During the post-WW2 period, a polite fiction was maintained, in that the Circle Trigons were constructed as a Fascist, Nazi, German-like group…but everyone involved knew that they were actually training to fight the Soviet Union and its allies, exactly as anyone who knew of the color-coded war plans knew that “War Plan Red” (YouTube link) was code for war with England, or that “War Plan Orange” was about war with Imperial Japan.
Beginning in 1979, with the opening of the National Training Center (NTC) in the California desert, the U.S. military revamped its concept of the “aggressor” training tool, renaming it “OPFOR” (“OPposing FORce”), and creating multiple nations – versus a single state – with not simply a Soviet influence, but with Western and Third World influences as well.

The U.S. Army reactivated the 6th Battalion, 31st Infantry (“The Polar Bears“) from the 7th Infantry Division based at Fort Ord, California, and the 1st Battalion, 73rd Armor, redesignating the two units as the 177th Armored Brigade (Separate), to form the Center’s primary training unit. While maintaining their regular U.S. Army organization and training standards at one level, the 177th also “fought visiting” Army units by organizing and training itself to model a standard Soviet Motorized Rifle regiment (the fictional 32nd Guards Motorized Rifle Regiment, known jokingly as “the best armored regiment in the Soviet Army”). After the 9/11 Attacks, the brigade transitioned to training for counterinsurgency warfare training (along with a similar unit at Fort Polk, Louisiana) for units headed to Iraq and Afghanistan…And now, following Vladimir Putin’s Russia reminding the world that large-scale warfare is not, in fact, a thing of the past, the Center has switched back to training for major-scale warfare against a “near-peer” opponent.

This model has worked so well as a training tool, both the U.S. Marine Corps (PDF link) and U.S. Air Force created similar training units of their own.

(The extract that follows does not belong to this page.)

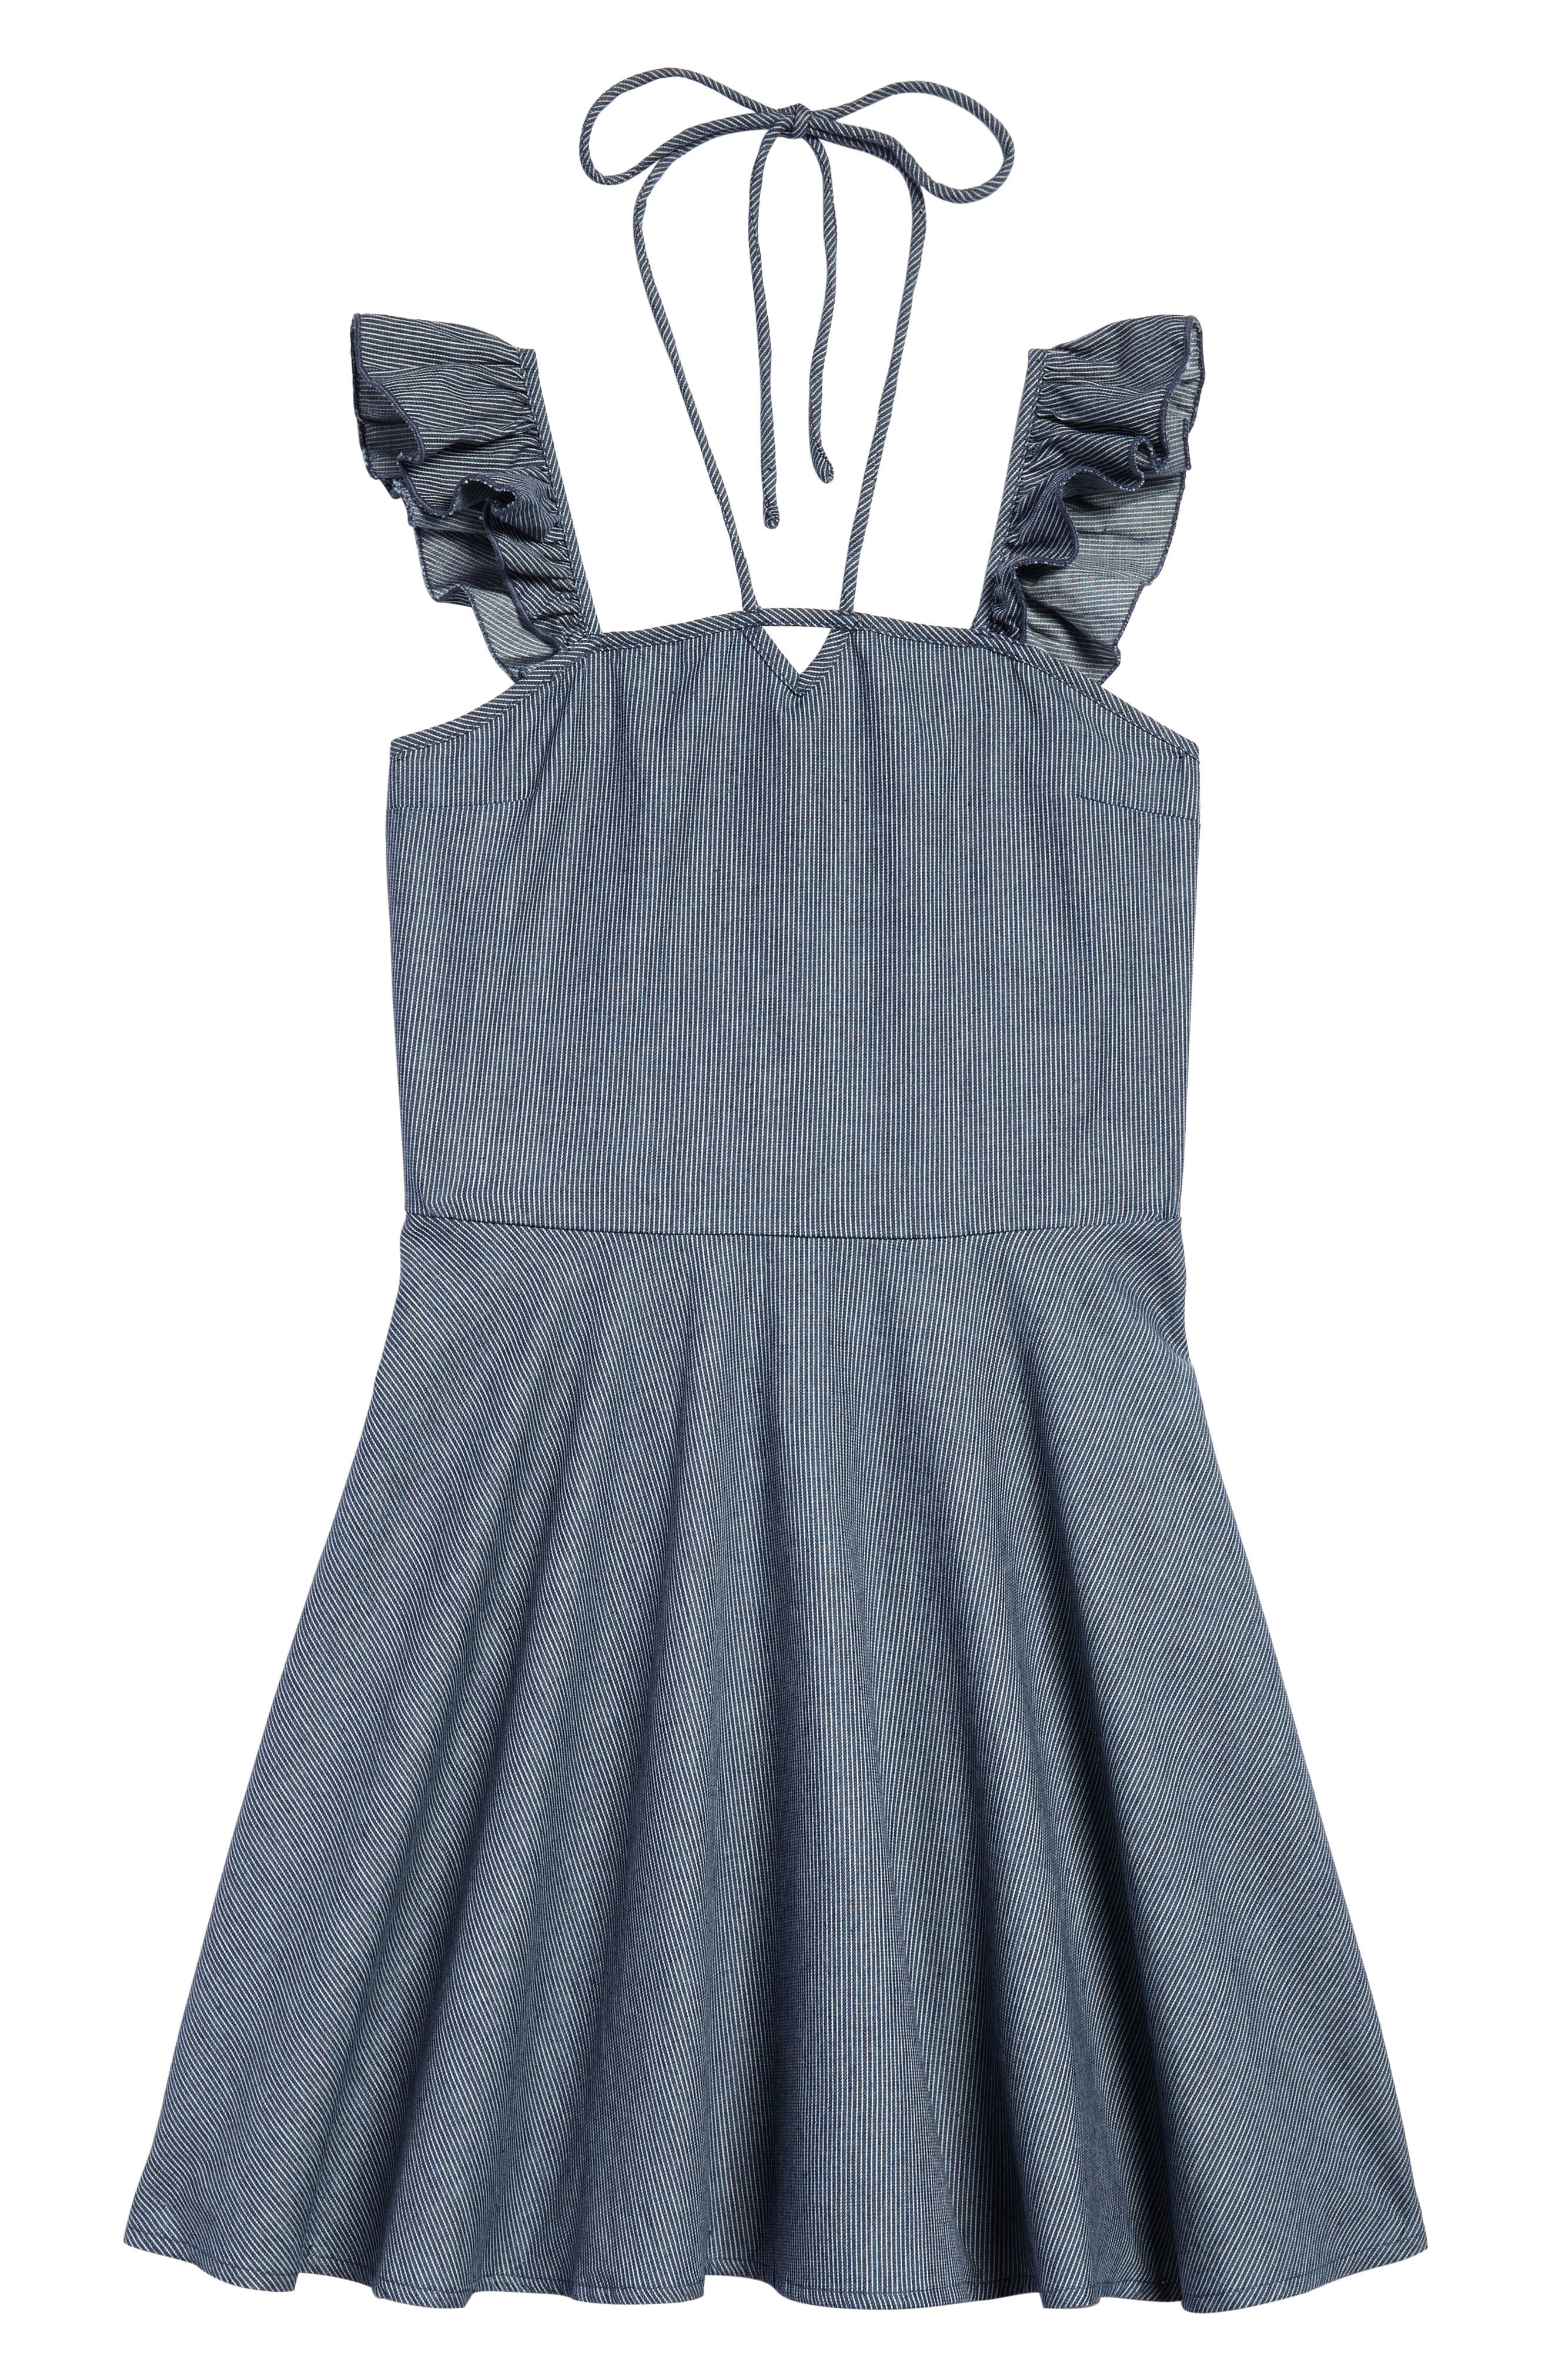 Ruffle Shoulder Dress,                             Main thumbnail 1, color,                             410

So far, the U.S. Navy seems to be the only holdout.

For the casual reader, much of the background information and training materials are available online for free, courtesy of the U.S. Army, via its ODIN website, part of the Training & Doctrine Command (TRADOC), where you can explore the challenges of fictional nations like Atropia, or Olvana. (For an alternate wargame setting, based in a fictional Latin American country – once used by Great Britain as a wargame exercise – see the MapSymbs website.)
While notionally interesting, the foregoing history of recent developments in military training is something that people need to know. The gaming environment is not all about cartoon ‘first-person shooters’, played by bored kids in their parents’ basements. Wargaming simulations have been, and continue to be, one of the most valuable pieces in the training toolbox.
And this Marine doffs his cover to the Army, for getting that right.